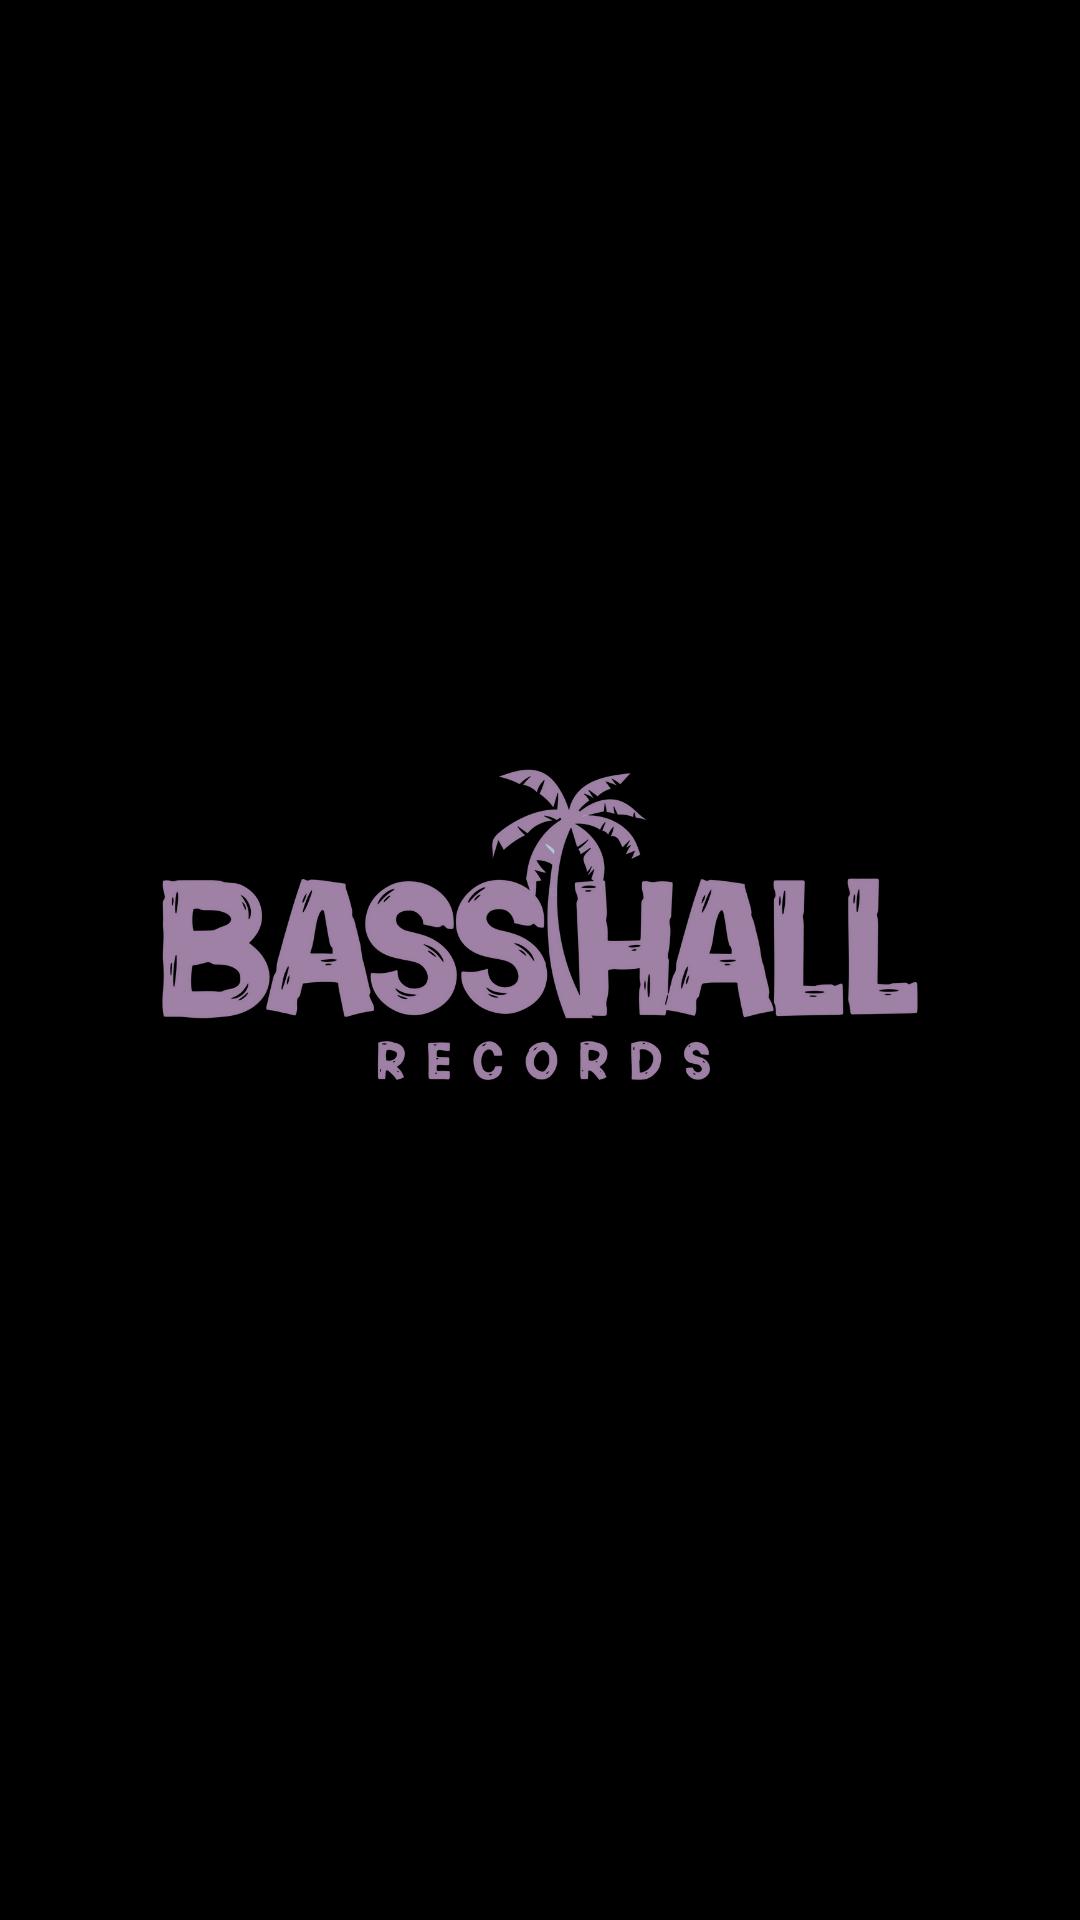 Bass Hall Records
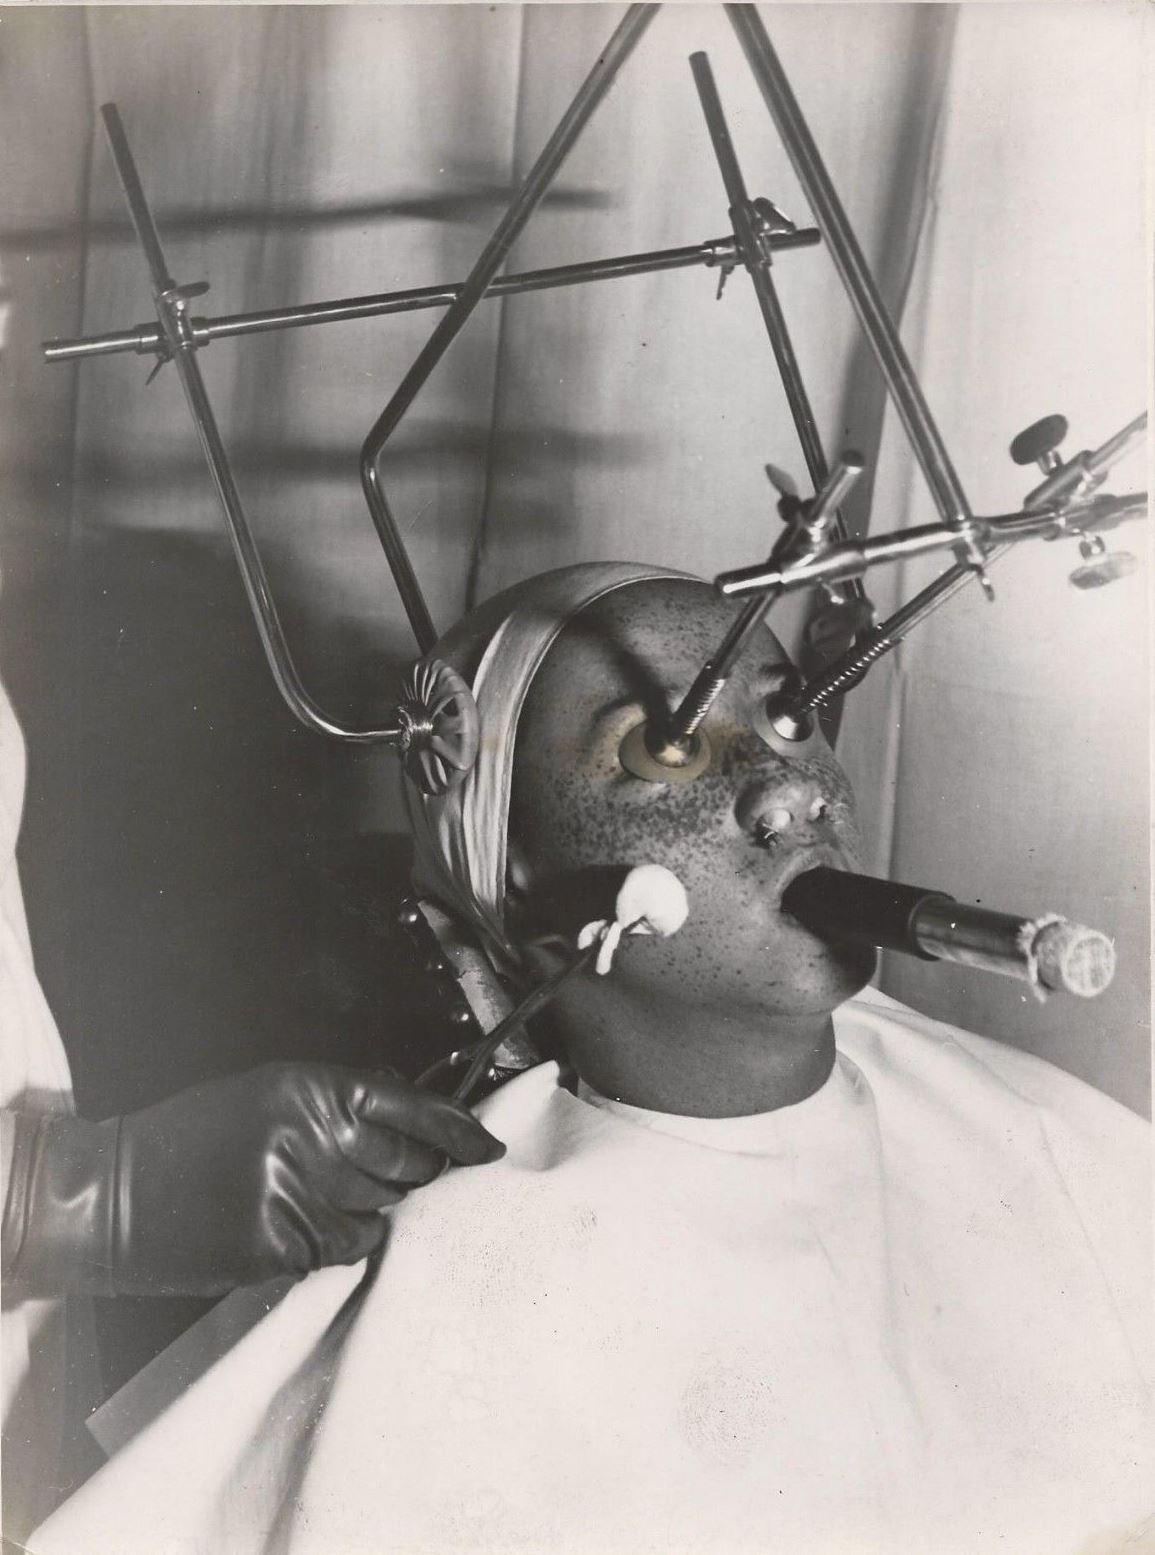 Photographe inconnu. Hungary Electroschock Psychiatry 1930. Via ebay
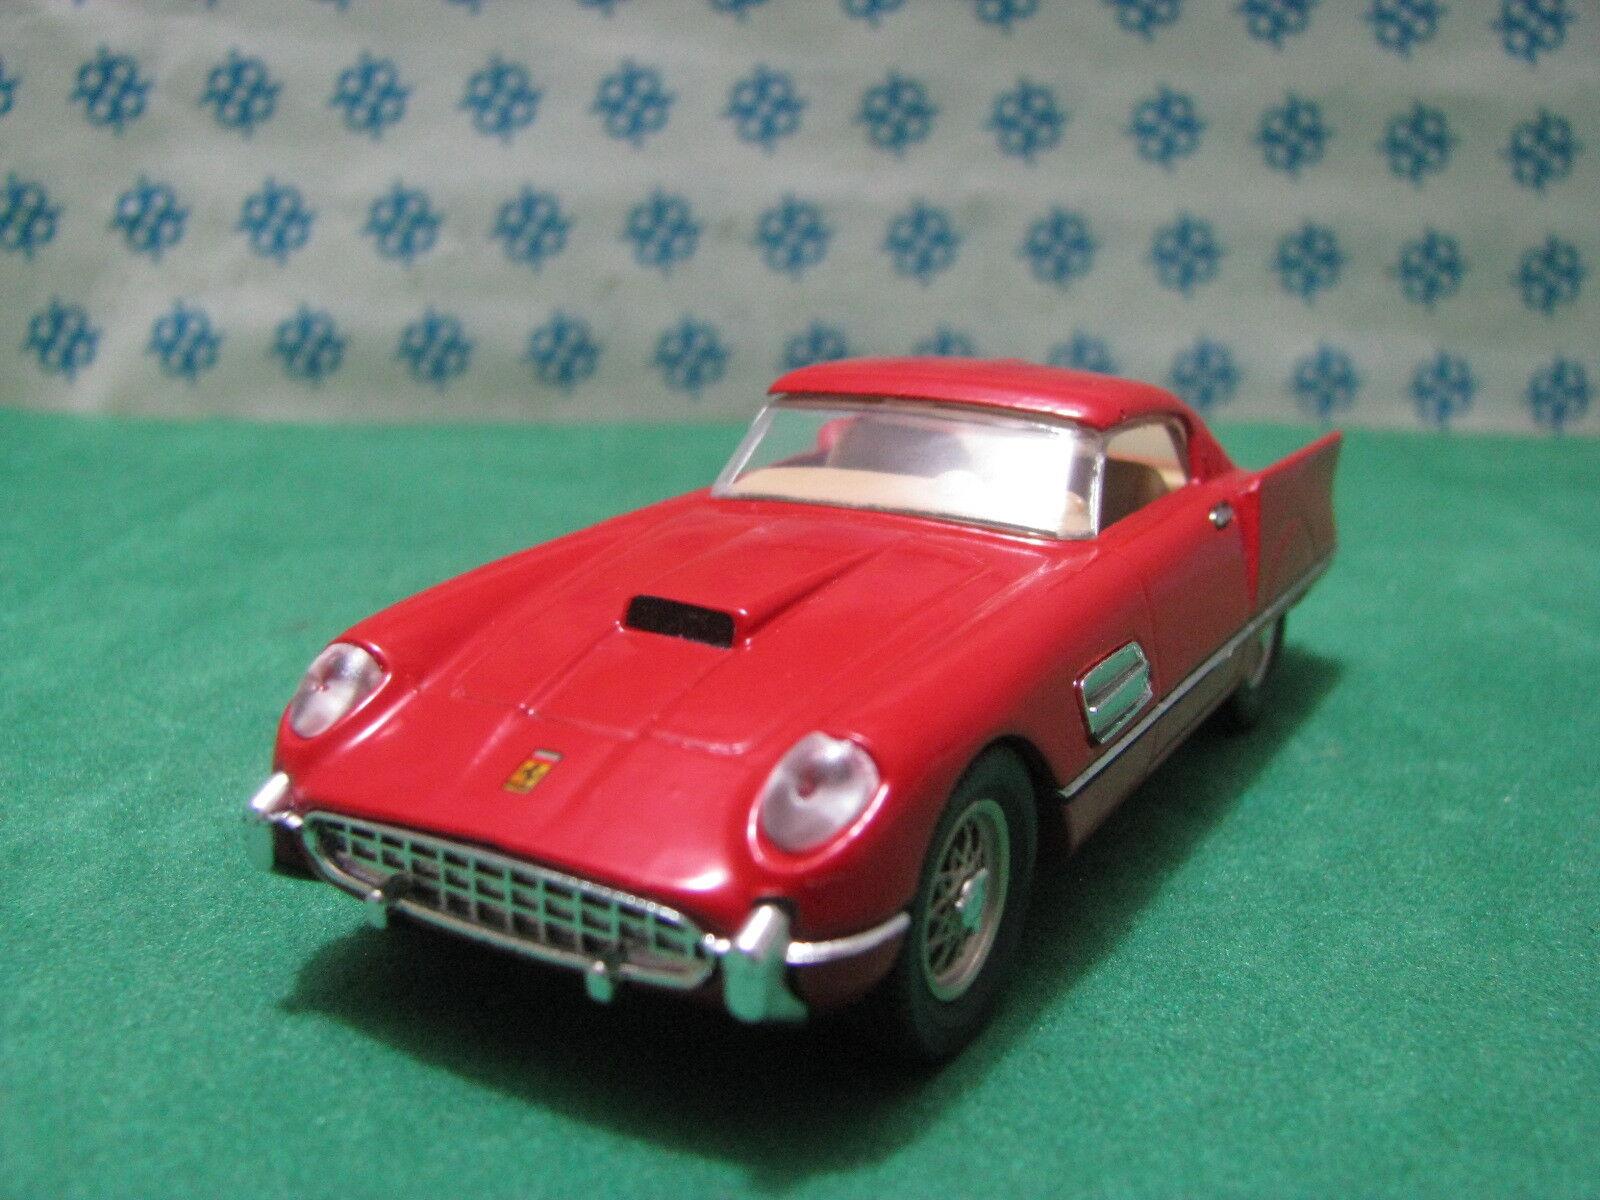 FERRARI 410 S.A. Superfast I Pininfarina 1956 Red - Idea 3
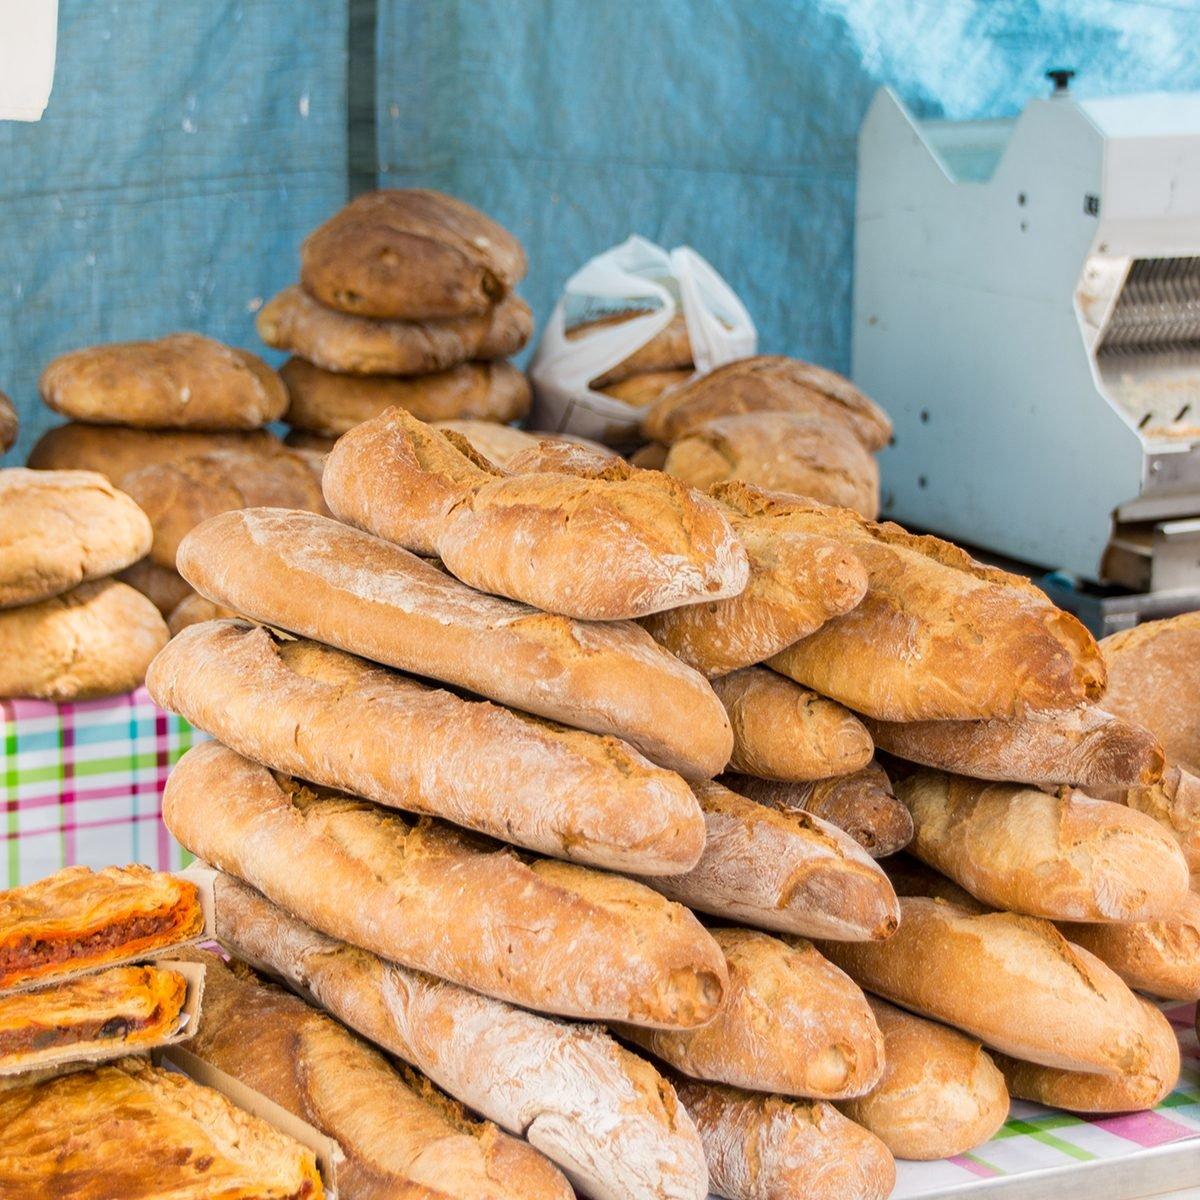 Fresh baked bread - Farmer's Market, Potes, Spain
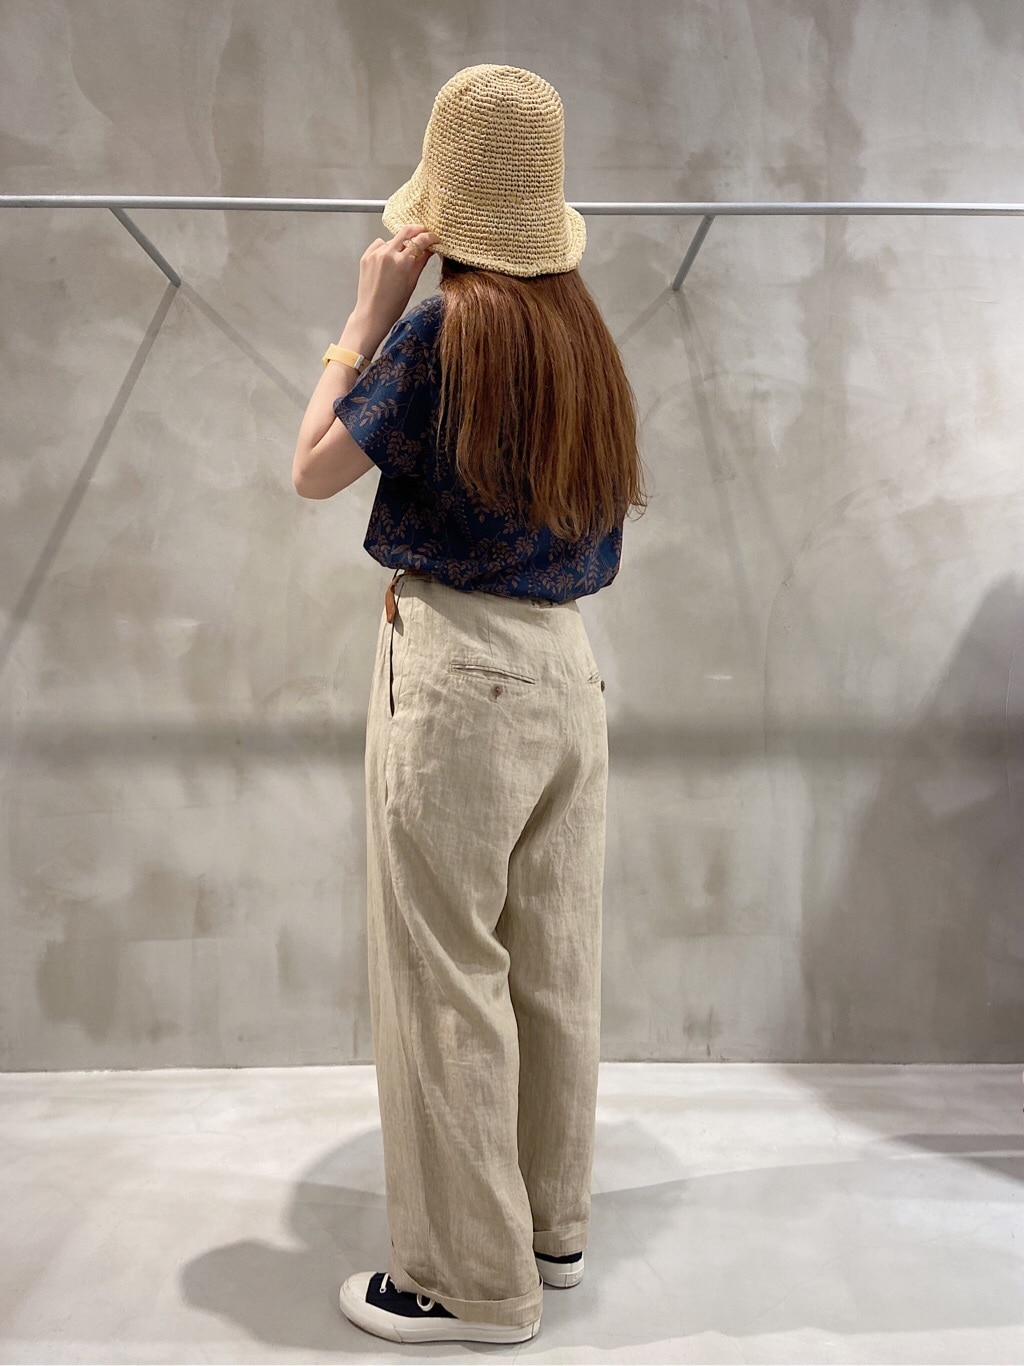 bulle de savon 渋谷スクランブルスクエア 身長:160cm 2020.06.05

# WHAT YOU WILL DO:
Should a record include a picture, drop the picture and write out the remainder exactly.

# RESULT OF THIS TASK:
 Bass Hall Records
 Photographe inconnu. Hungary Electroschock Psychiatry 1930. Via ebay
 FERRARI 410 S.A. Superfast I Pininfarina 1956 Red - Idea 3
 Fresh baked bread - Farmer's Market, Potes, Spain
 bulle de savon 渋谷スクランブルスクエア 身長:160cm 2020.06.05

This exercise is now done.